Selector Magazine
Spring 2011

Culinary likes and dislikes are culturally acquired; vegemite on toast is to Aussie kids what goat’s cheese on baguette is to little Frenchies. Just like language, these likes and dislikes are engrained in us at a young age without our even realising it.

This cultural acclimatisation may go some way towards explaining the great taste divide in the case of coriander. Some love it, others hate it, and there seems to be very little middle ground.

The leaf of the coriander is immensely popular in Southeast Asian cuisine, where i used as a garnish for many soups, curries and stir-fries, while the roots of the plant, with their deeper flavour, are used as the base for curry pastes and soups.

However as the leaves have strayed across into other countries and cuisines the flavour derision has become apparent. Youthful acculturation may play a part in this, but does not explain how this herb divides people from the same family (my Dad and sister both despise it, I find it fresh and pleasing).

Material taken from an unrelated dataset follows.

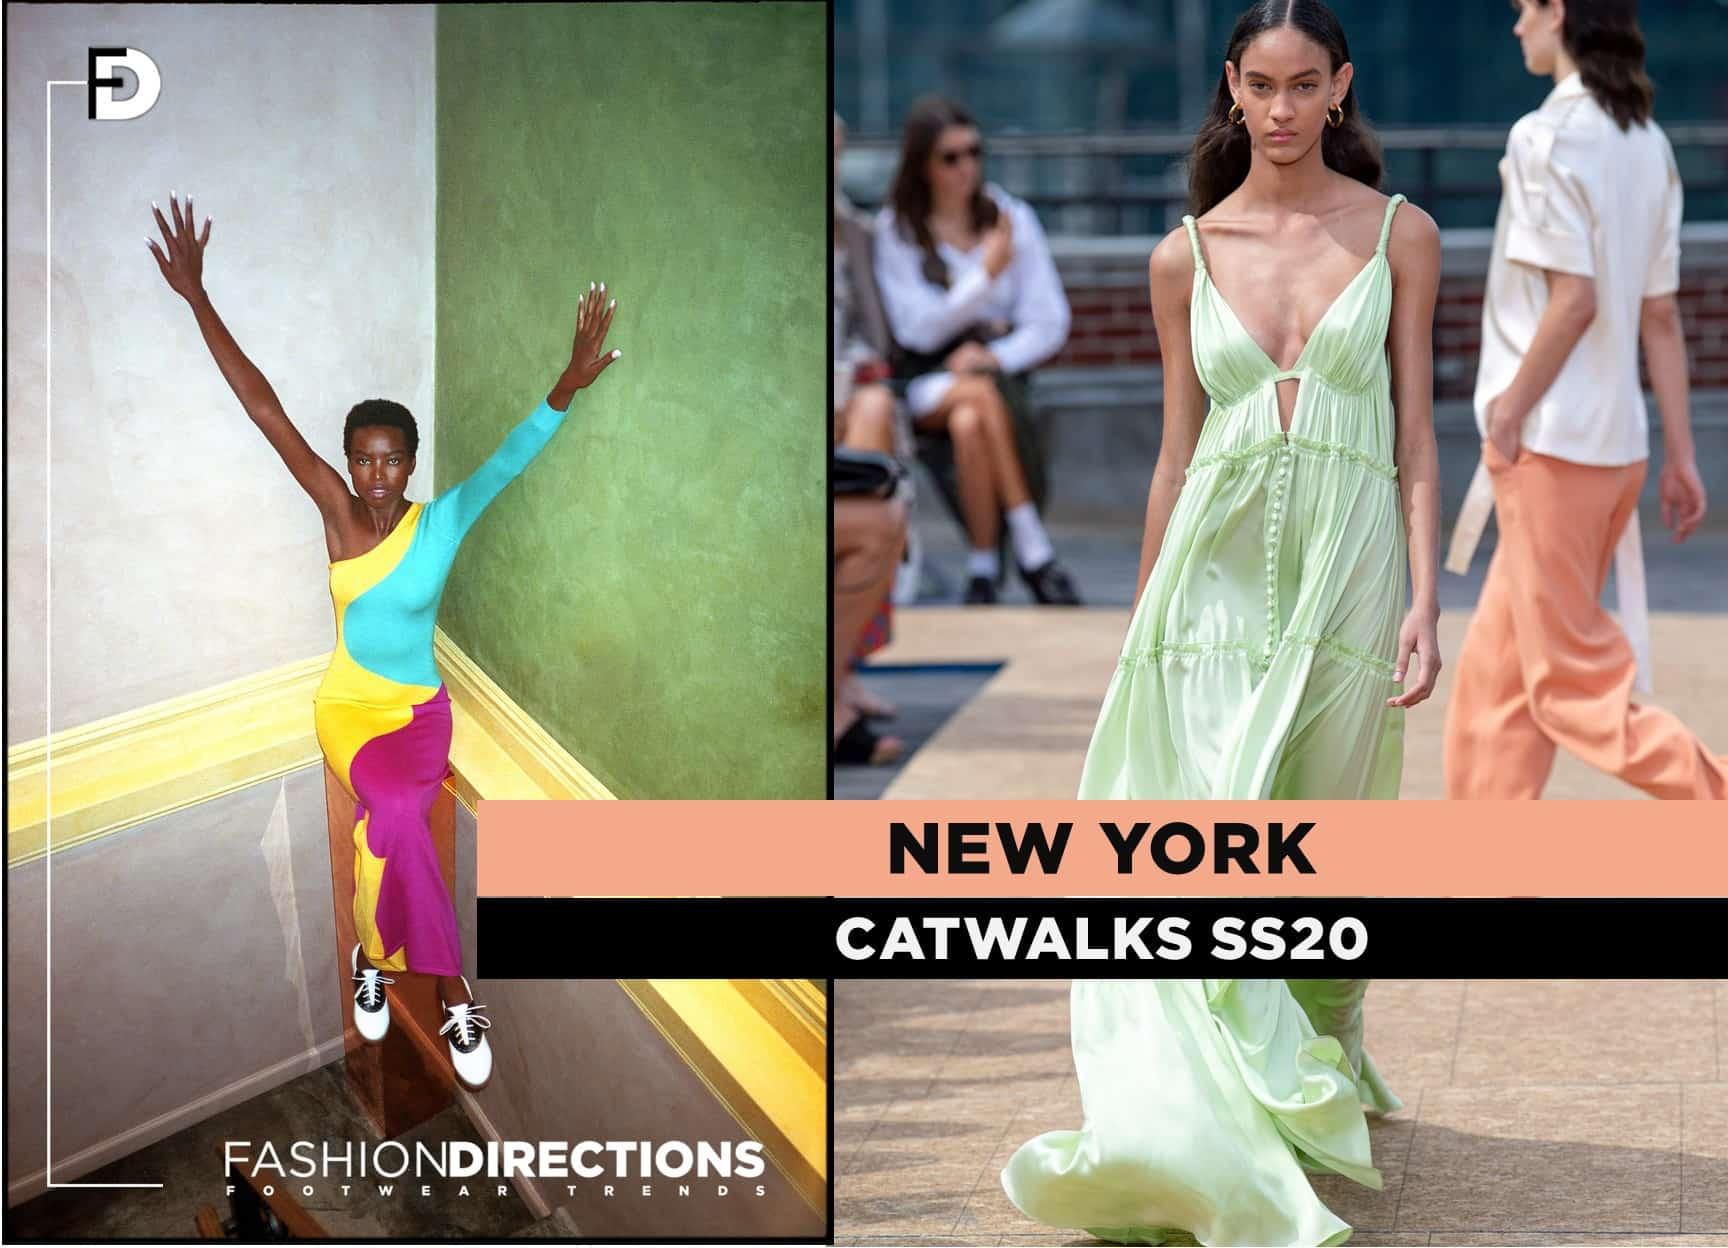 NEW YORK CATWALKS SS20

Devoid of the bitter compound that offends the palate of “supertasters,” it appears it is the aroma of the leaf that causes the fraction. Those that don’t like it describe the smell as soapy or bug-like. Our sense of taste and smell has traditionally been an important factor in detecting poison and predators. Perhaps this is an issue of evolution and it is their basic survival instincts that are turning people off?

Fortunately the warm, nutty and gentle citrus flavour of the coriander seeds is less controversial. The dried seeds are used in many cuisines; the French use the seeds in the production of liquors such as Chartreuse; the Germans use them to pickle vegetables and to season cabbage and game dishes; the Belgians brew it into some of their wheat beers; in India the seeds are served roasted as a snack and are the basis for curries such as garam masala.

Mentioned in the bible and discovered in Tutankamen’s tomb, it appears it is the seeds that are the crowd pleaser.


Select and store -

Coriander is known as cilantro in the US and also may be referred to as Chinese parsley (although there are no taste similarities to parsley). Coriander should be stored in the fridge, with roots in cold water and a plastic bag over the leaves. Wash carefully before use to remove grit.  Seeds should be stored whole, in an air-tight container and kept for up to 6 months. Roasting or heating the seeds will enhance their flavour, meanwhile ground seeds will loose their flavour quickly, thus they should be ground just before use.


Coriander loves –

Prawns, chicken, curry, chilli, fish, citrus, pumpkin, carrots

Coriander seeds love -

Citrus, game, cabbage, pickled vegetables, carrots, pork,


Cooking with coriander –

Mix chopped coriander leaves with 2 tbspns of sesame oil, 1 tbspn fish sauce, 2 tbspns fresh lime juice, 1 tbspn brown sugar and pour over cooked rice noodles.  Top with finely chopped red chillies and toasted peanuts.